Scientists have developed an artificial intelligence (AI) system that could help counter hate speech directed at disenfranchised minorities such as the Rohingya community.
The system developed by researchers from Carnegie Mellon University in the US can rapidly analyse thousands of comments on social media, and identify the fraction that defend or sympathise with voiceless groups.
Human social media moderators, who could not possibly manually sift through so many comments, would then have the option to highlight this "help speech" in comment sections, the researchers said.
"Even if there's lots of hateful content, we can still find positive comments," said Ashiqur R KhudaBukhsh, a post-doctoral researcher at Carnegie Mellon University's Language Technologies Institute (LTI) said.

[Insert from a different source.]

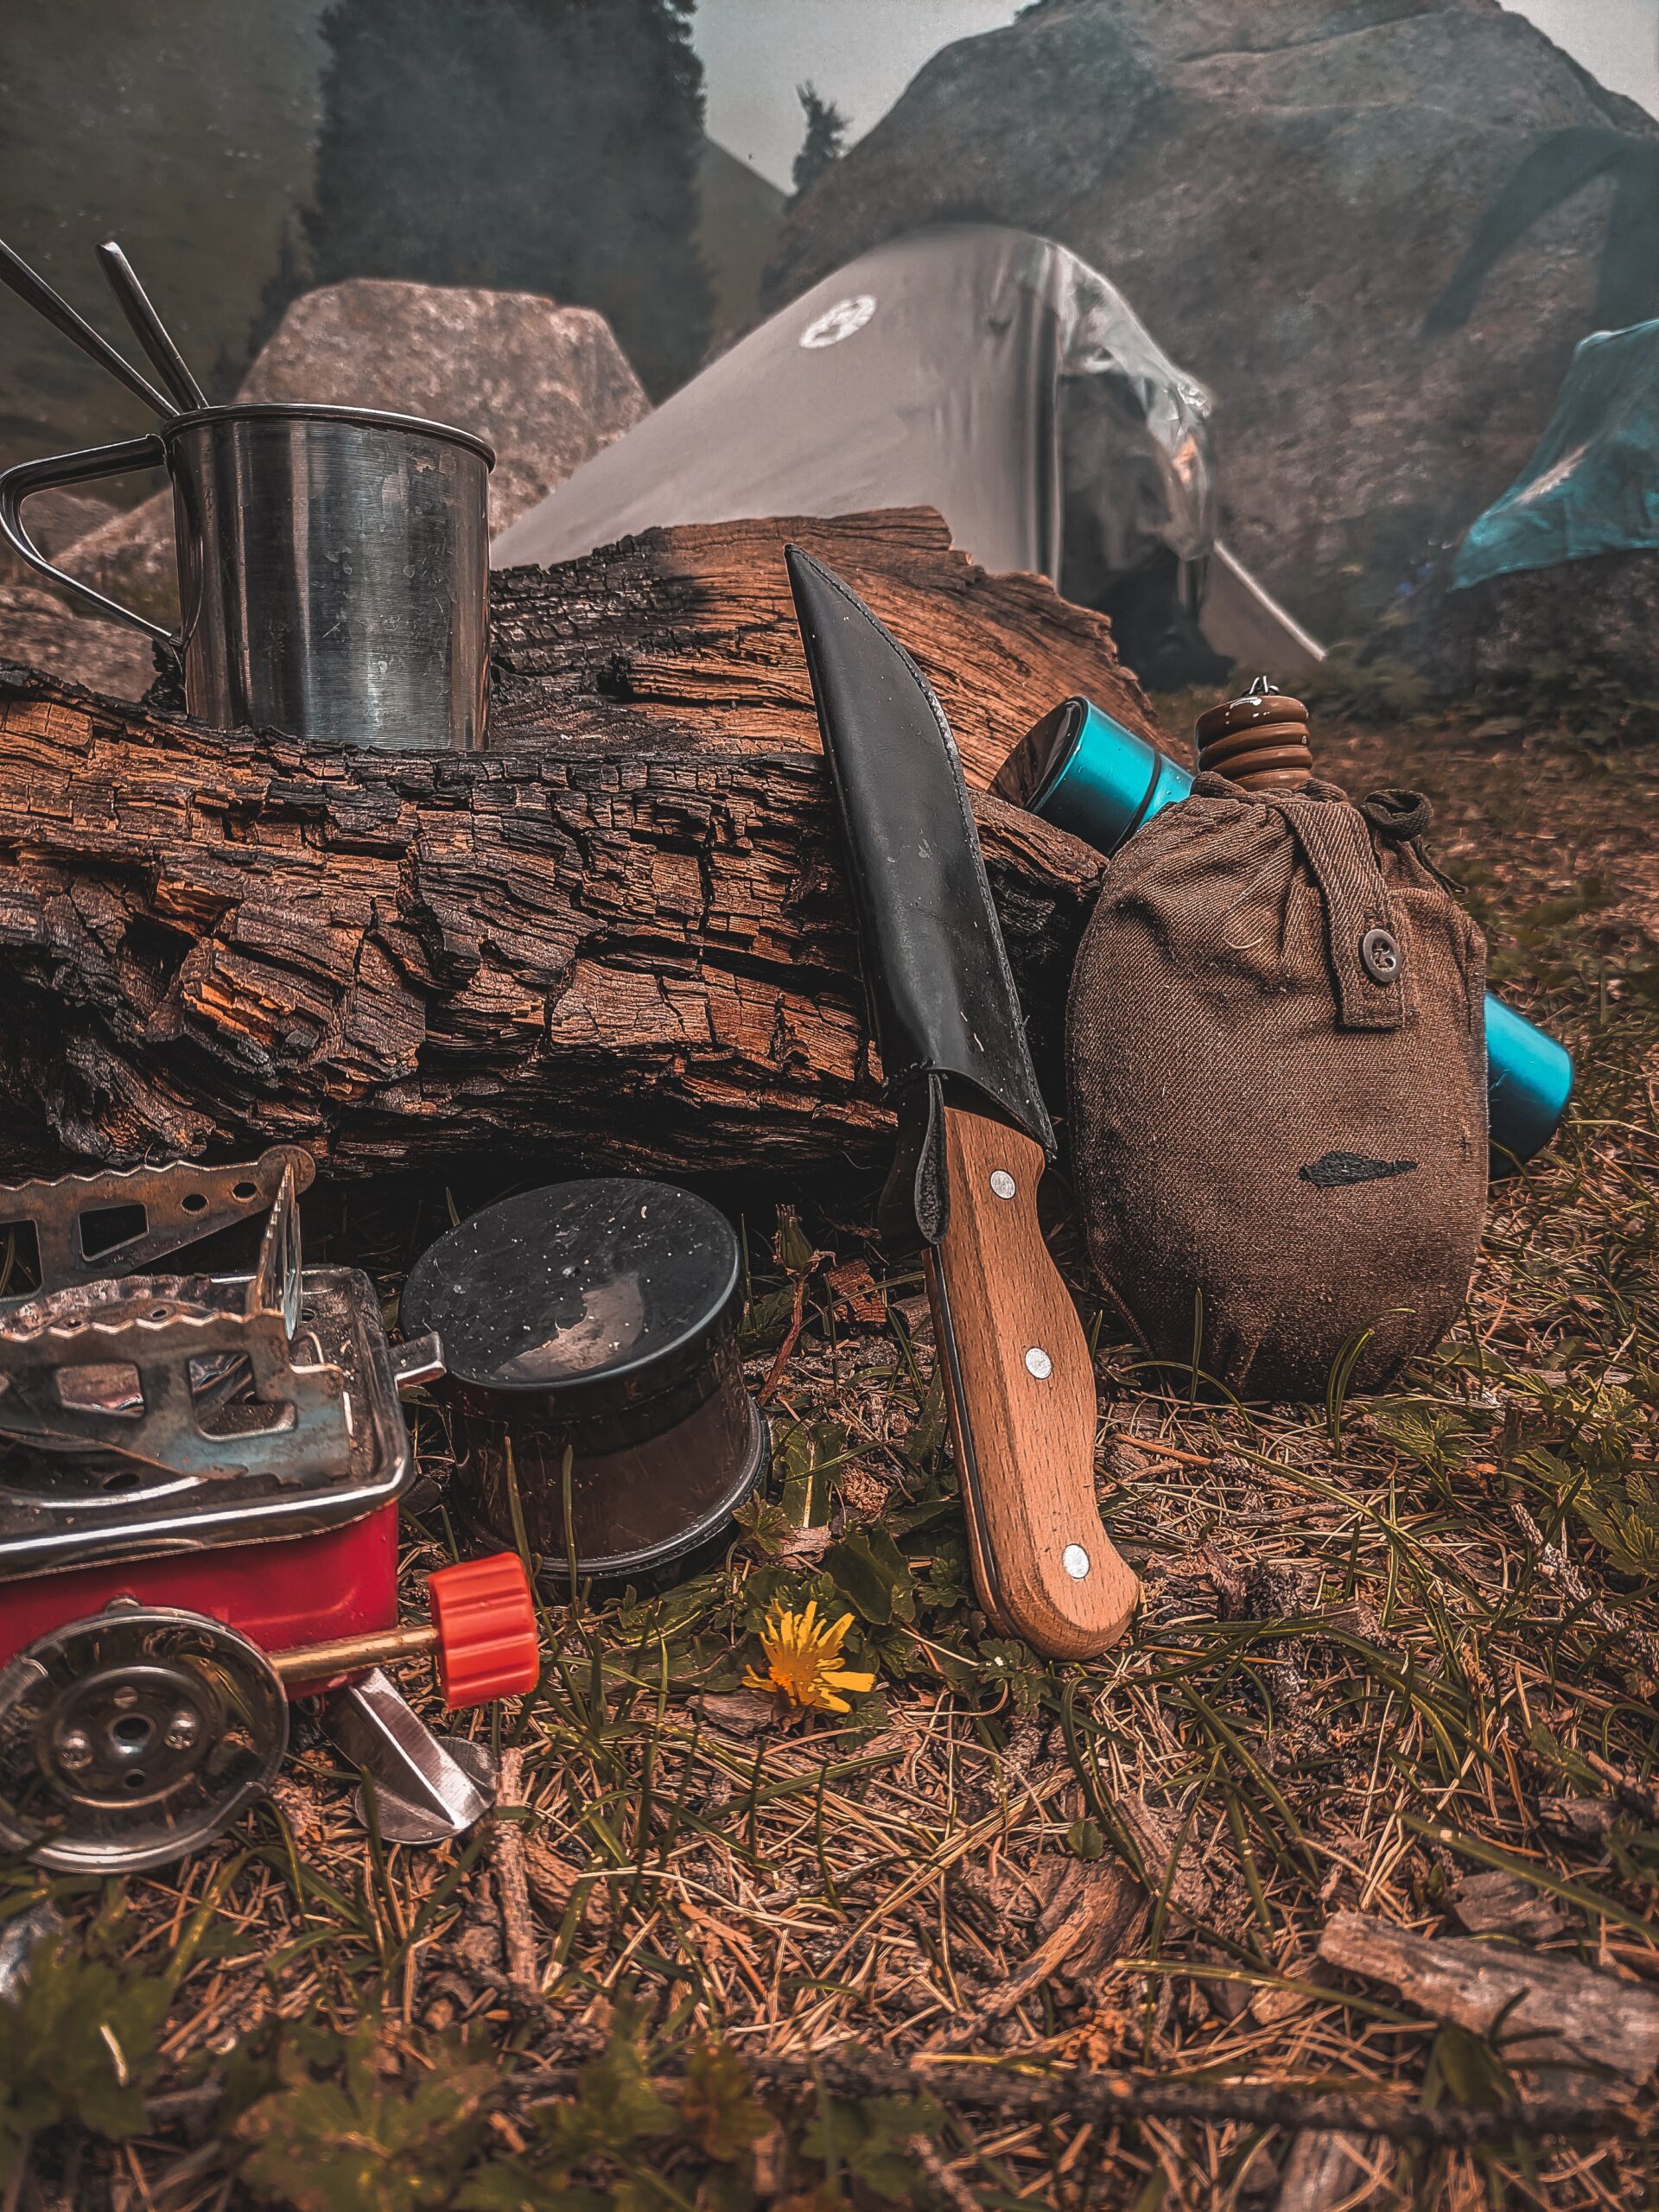 10 Essential Items to Pack for Your Next Camping Trip

Finding and highlighting these positive comments might do as much to make the internet a safer, healthier place as would detecting and eliminating hostile content or banning the trolls responsible, the researchers said.
The Rohingyas, who began fleeing Myanmar in 2017 to avoid ethnic cleansing, are largely defenseless against online hate speech, they said.
Many of them have limited proficiency in global languages such as English, and they have little access to the internet.
To find relevant help speech, the researchers used their technique to search for more than a quarter of a million comments from YouTube in what they believe is the first AI-focused analysis of the Rohingya refugee crisis.
The ability to analyse such large quantities of text for content and opinion is possible because of recent major improvements in language models, said Jaime Carbonell, LTI director and a co-author on the study.
The researchers presented their findings at the Association for the Advancement of Artificial Intelligence annual conference in New York City, US.